TECHNICAL ABSTRACT (Limit 2000 characters, approximately 200 words)
The proposal is aimed at the development of a miniature high bandwidth (1 MHz class) plasma sensor for flow measurements at high enthalpies. This device uses a plasma discharge between two encapsulated electrodes as the primary sensing element to measure various flow parameters including mass flow. The advantages of the plasma sensor are that it requires no frequency compensation up to its A.C. carrier frequency, has an amplitude-modulated output that has excellent common-mode rejection with a signal-to-noise ratio that is much better than a hot-wire, is robust with no sensor element to break, can have a small spatial volume, and is insensitive to temperature variations making calibration easier than thermal-based sensors. This sensor has applications for measurements in gas-turbine machinery, shock tubes, shock-boundary layer experiments, high-enthalpy hypersonic flows, and in plasma-laden flows such as on reentry vehicles. The output from the sensor is wirelessly transmitted and can be remotely demodulated and converted into the constituent mean and fluctuating components. The proposed effort is designed to advance and expand the capabilities of the plasma sensor for high Mach number flows.
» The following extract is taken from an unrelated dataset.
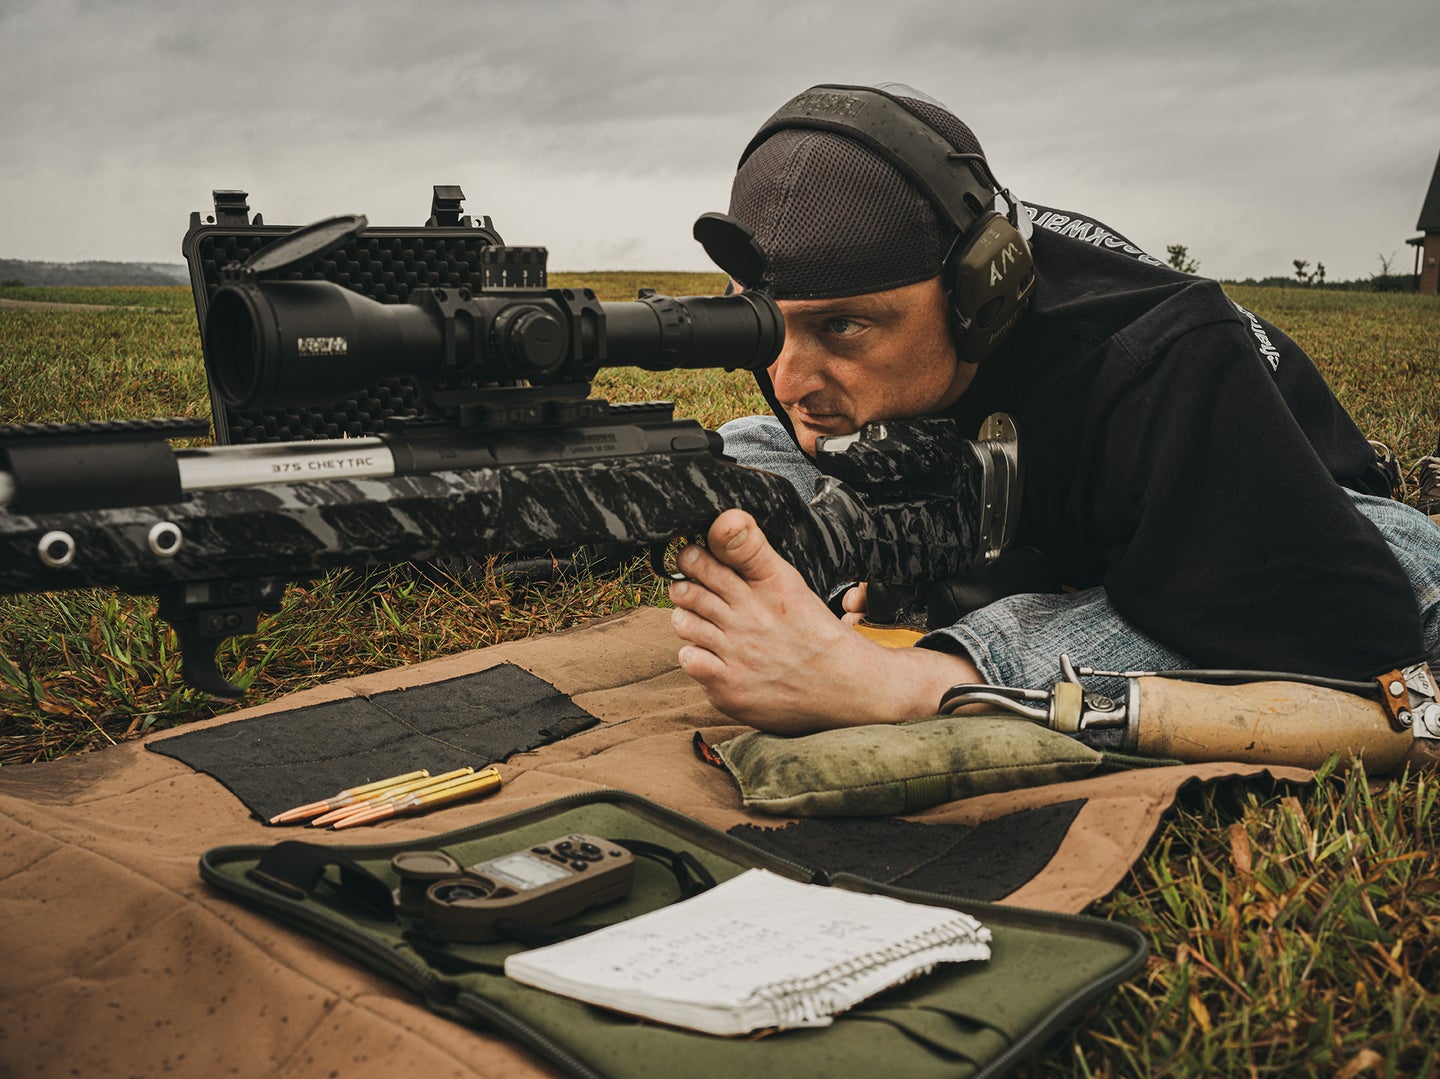 Aaron Miesse shoots a long-range rifle

POTENTIAL NASA COMMERCIAL APPLICATIONS (Limit 1500 characters, approximately 150 words)
The proposed program is designed to add a robust sensing capability to NASA's mission of research and development in hypersonic and high-enthalpy flow environments, with particular emphasis on mass-ow measurements in a small-measurement volume. This sensor addresses NASA's need to reduce uncertainty and to improve predictive capabilities in boundary layer transition, shock boundary-layer interactions, and other flow conditions involving high enthalpies, temperature gradients, radiative heating or other forms of aerothermal stresses. This technology will support on-going research in the design of scramjet vehicles, improve rotating turbomachinery performance, and the development and validation of transition and turbulence models in both CFD and experiment. It has particular benefit as a laboratory sensor and will provide a turn-key solution to research in high-enthalpy flows.
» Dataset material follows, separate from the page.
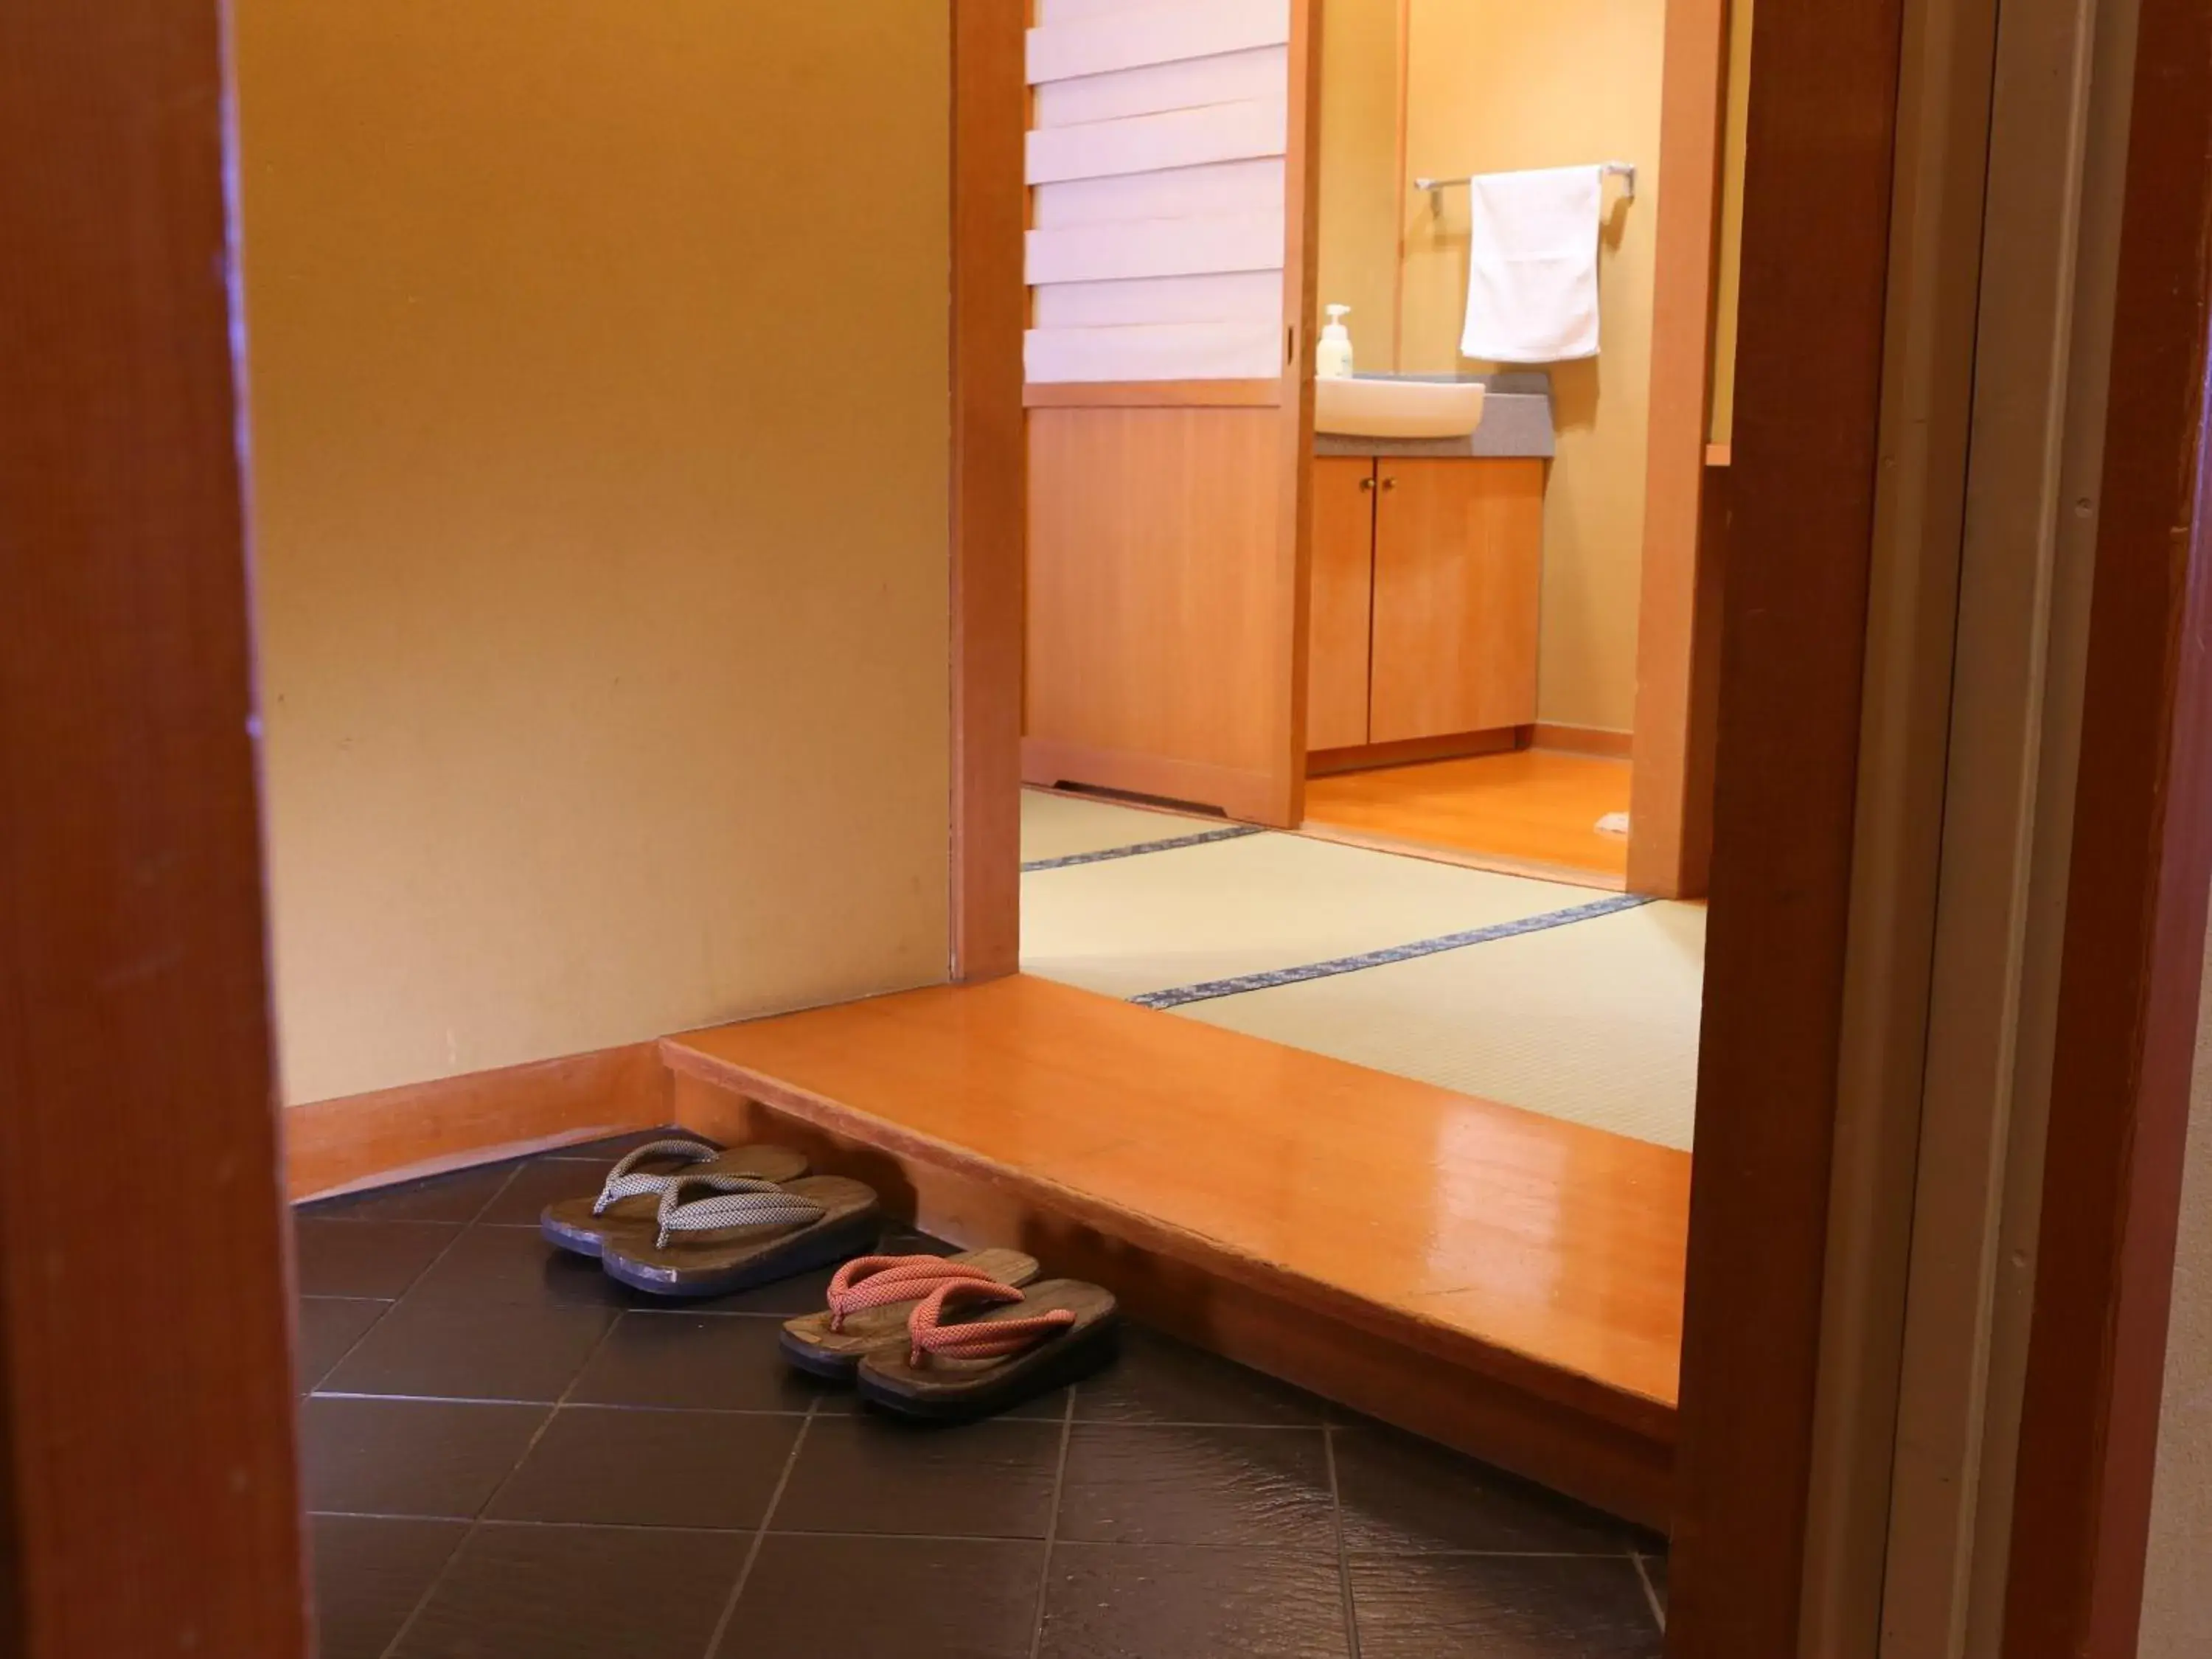 Photo of the whole room, Bathroom in Hotel Tamanoyu

POTENTIAL NON-NASA COMMERCIAL APPLICATIONS (Limit 1500 characters, approximately 150 words)
The proposed program is designed to provide the aerospace industry with a new class of robust sensors that use plasma as the main sensing element. This technology addresses shortcomings in sensing that limits the ability to measure flow quantities in environments characterized by high enthalpy, Mach number, or aerothermal gradients, particularly in the case where high-bandwidth or small volume measurements are required. The plasma sensor provides the ability to obtain feedback in the hot sections of gas-turbines, which is critical to improving their performance and efficiency. Engine manufacturers are limited by current approaches using optical techniques such as laser Doppler velocimetry, which do not provide spatial or temporal resolution, or dynamic pressure sensors such as those manufactured by Kulite, which cannot provide high-temperature reliability. The plasma sensor can provide cheap and reliable sensing capability that can help to advance the state-of-the art in aeronautical engineering.
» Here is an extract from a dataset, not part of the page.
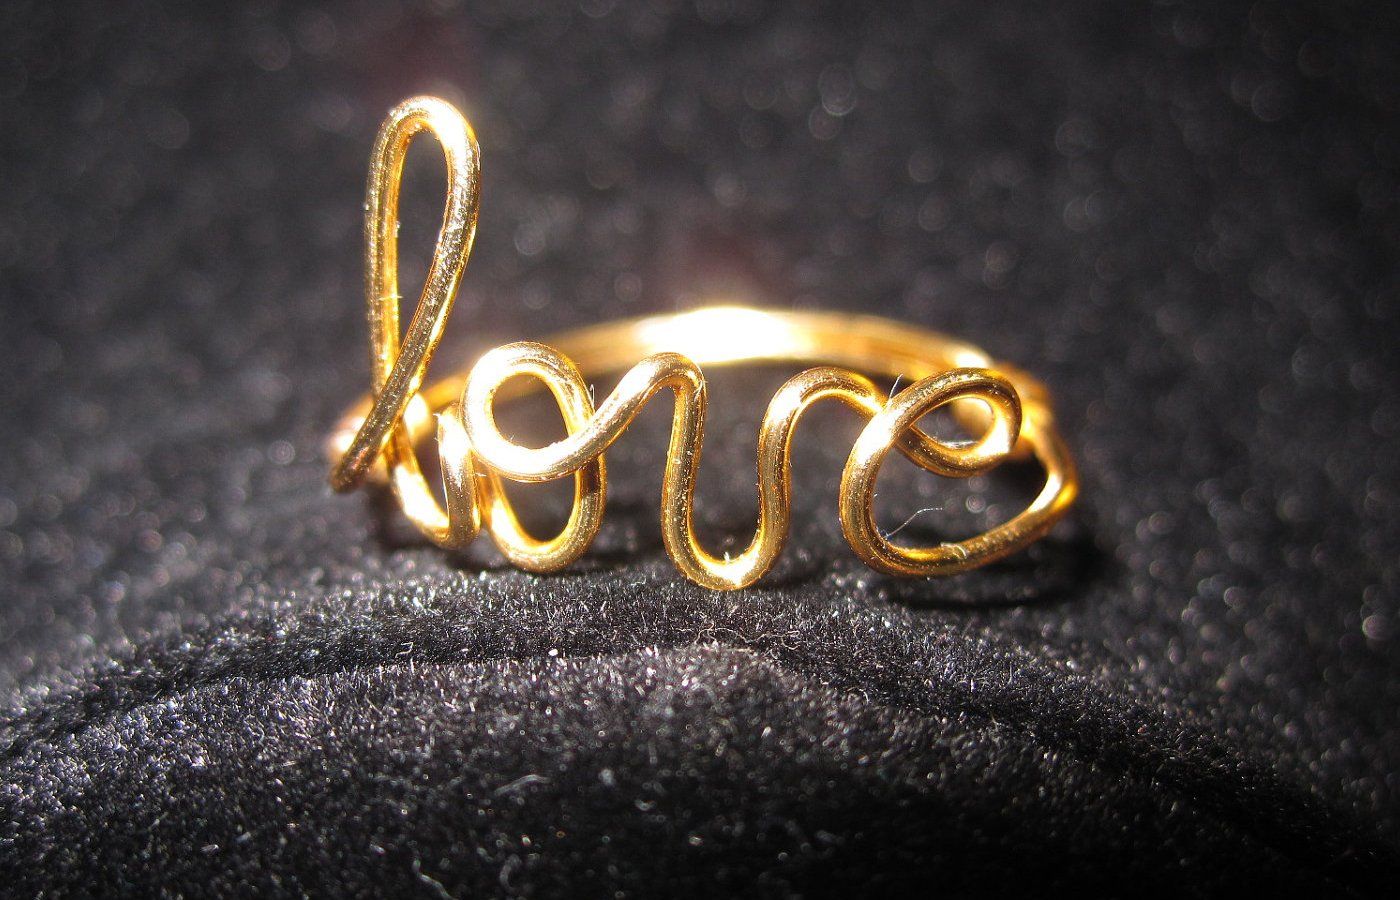 Gold Love Ring Cover Photowallpapertip.com

TECHNOLOGY TAXONOMY MAPPING (NASA's technology taxonomy has been developed by the SBIR-STTR program to disseminate awareness of proposed and awarded R/R&D in the agency. It is a listing of over 100 technologies, sorted into broad categories, of interest to NASA.)
Aerodynamics
Atmospheric Propulsion
Ceramics
Manufacturing Methods
Surface Propulsion
Thermal


Form Generated on 09-03-10 12:12